** Opening Collected data block **

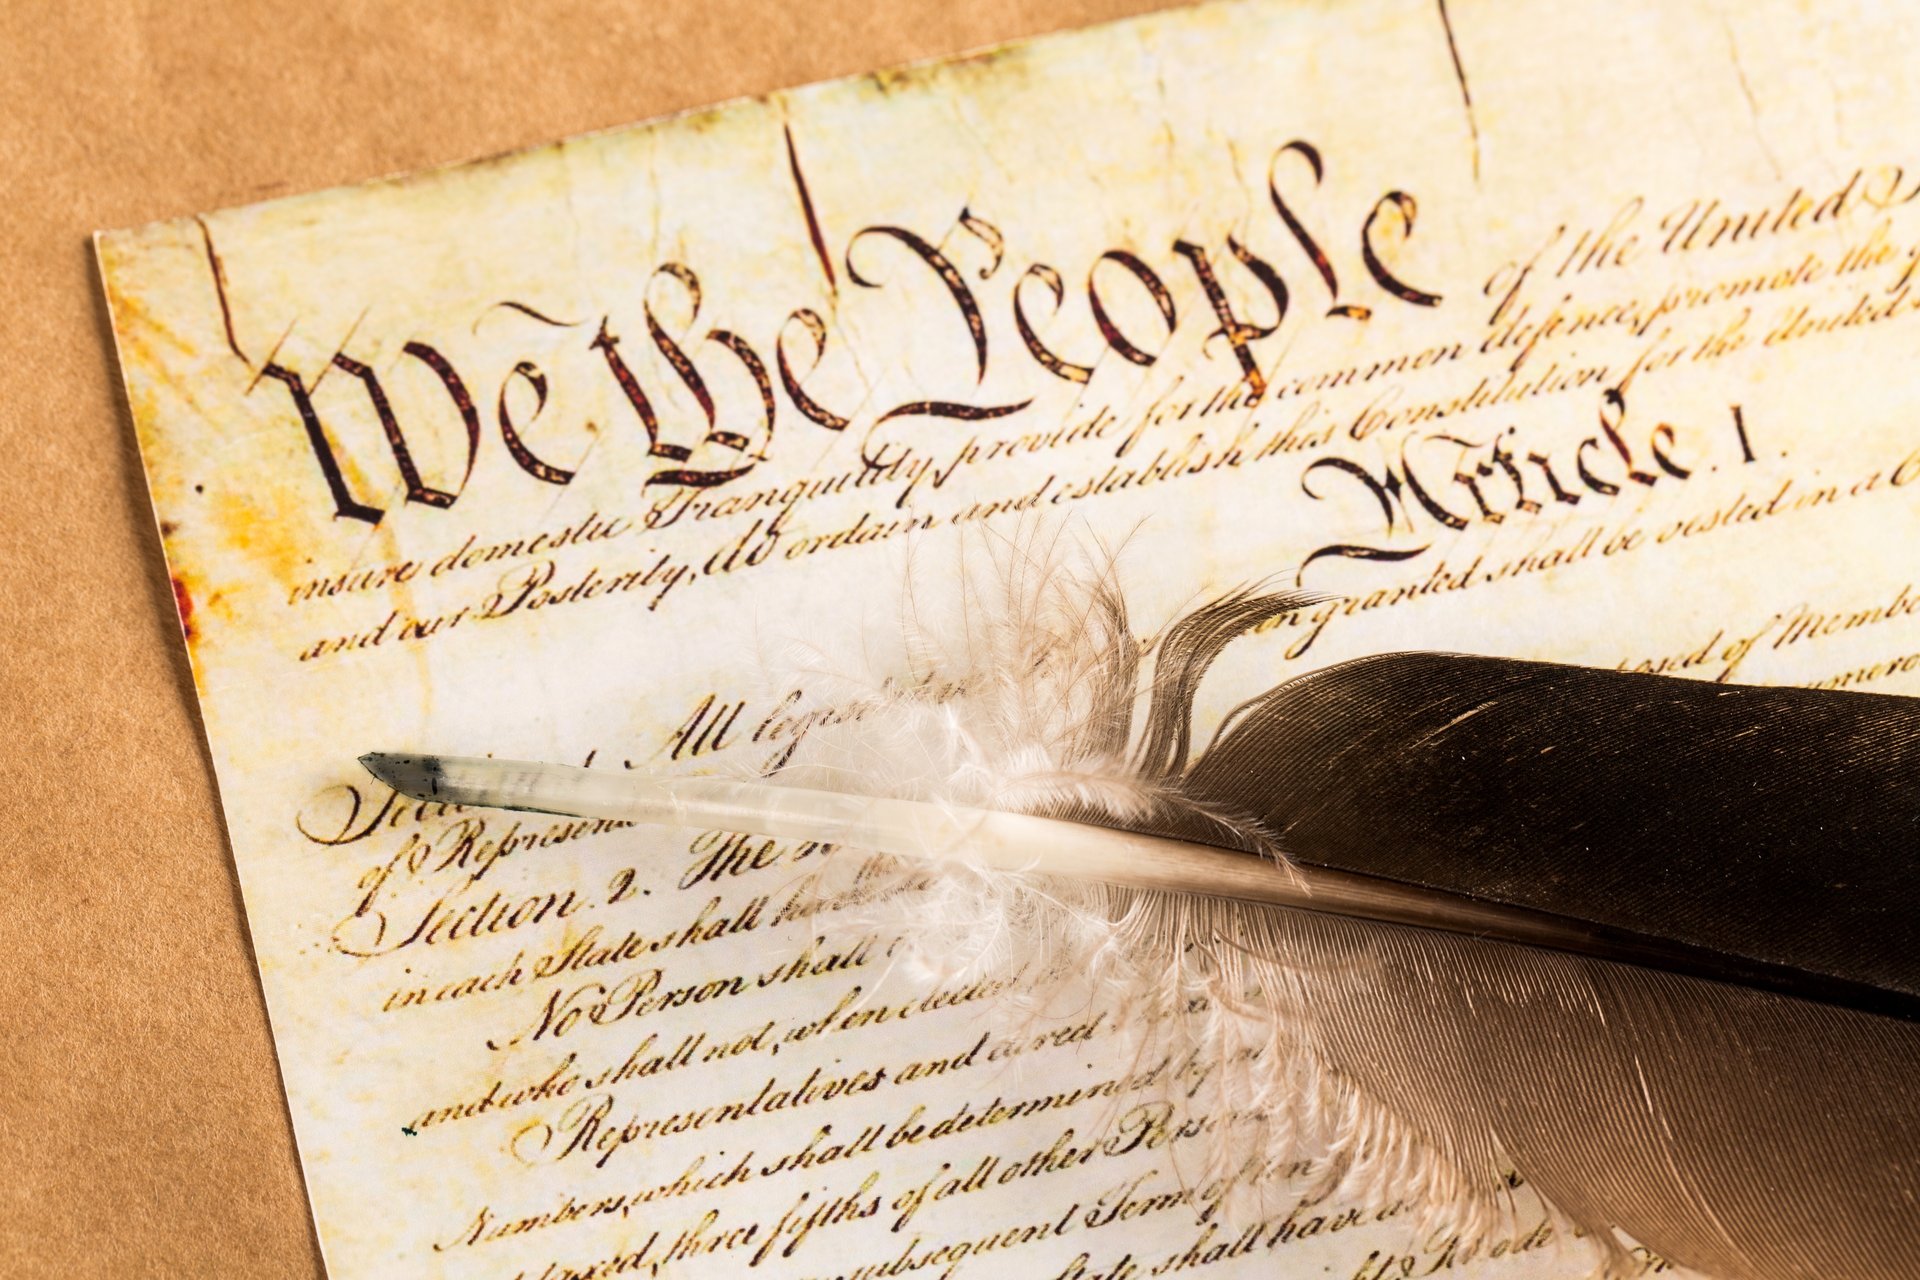 Request a FREE copy of the U.S. Constitution & Declaration of
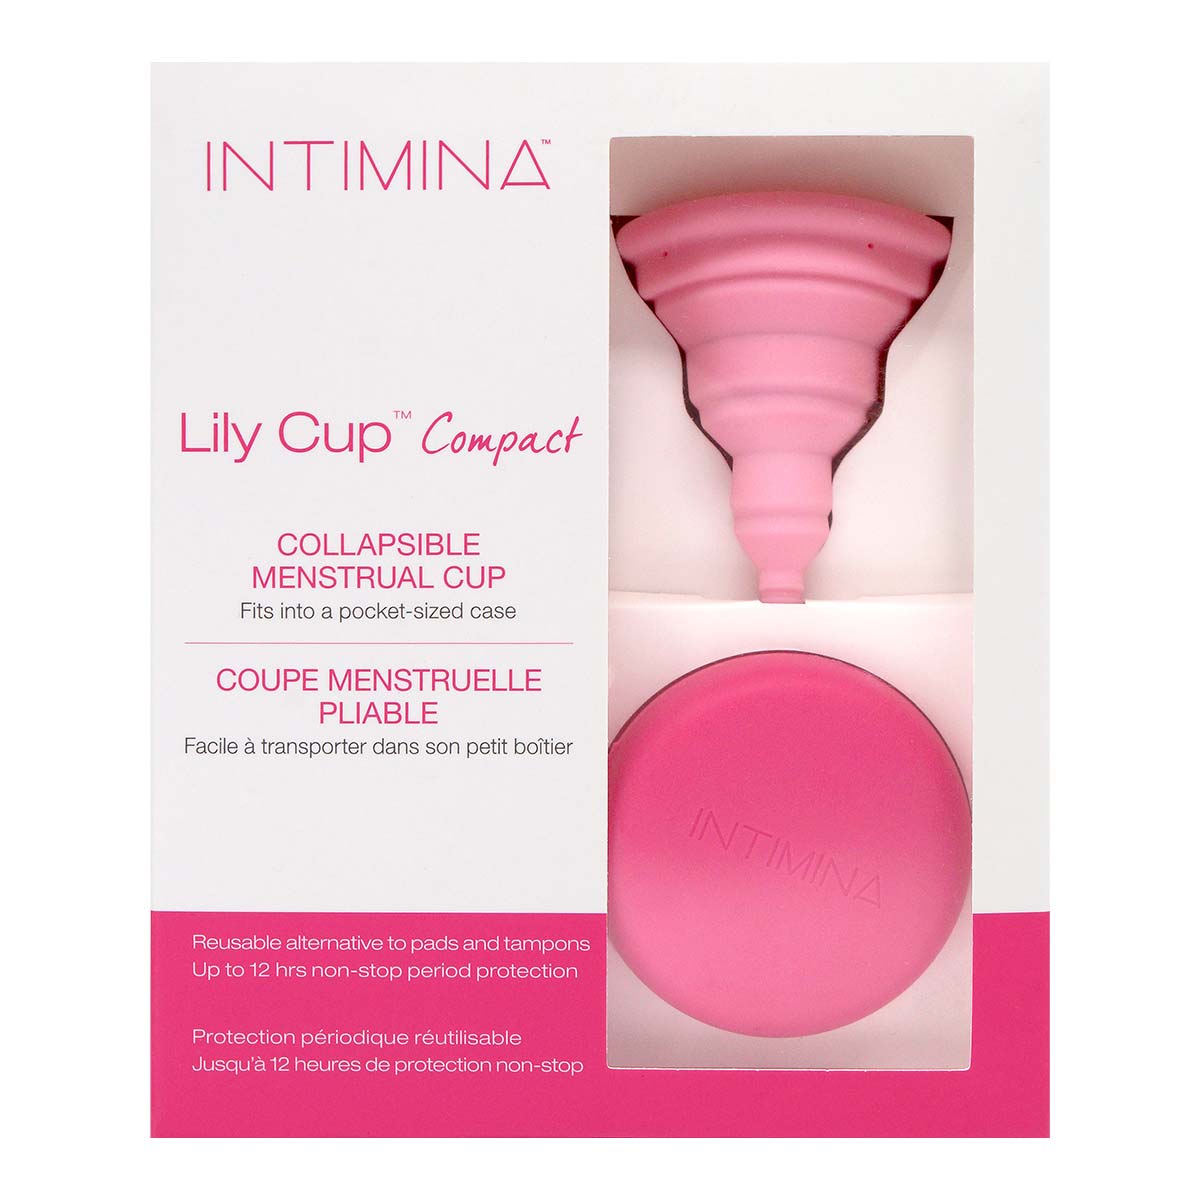 Intimina Lily Cup Compact 摺疊式月經杯 (Size A)-p_2
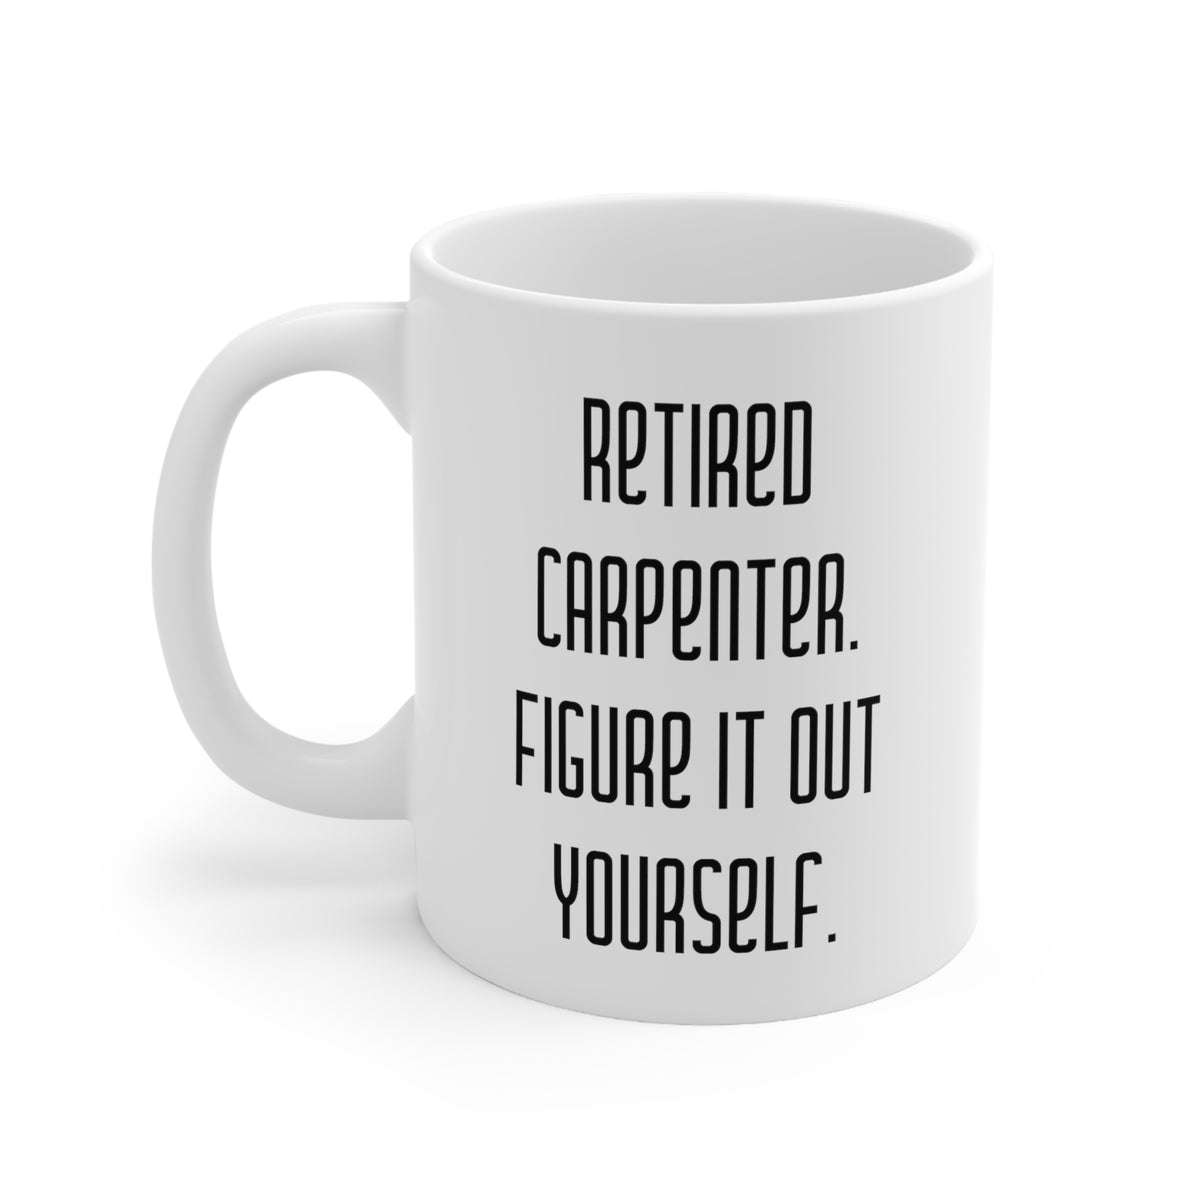 Unique Idea Carpenter Gifts, Retired Carpenter. Figure It Out, Beautiful 11oz 15oz Mug For Coworkers, Cup From Team Leader, Friends mug, Mug gift, Gift for friends

** Closing Collected data block **

Give the data again exactly as it appears, but without any images.

• Answer box:
 Request a FREE copy of the U.S. Constitution & Declaration of
 Intimina Lily Cup Compact 摺疊式月經杯 (Size A)-p_2
 Unique Idea Carpenter Gifts, Retired Carpenter. Figure It Out, Beautiful 11oz 15oz Mug For Coworkers, Cup From Team Leader, Friends mug, Mug gift, Gift for friends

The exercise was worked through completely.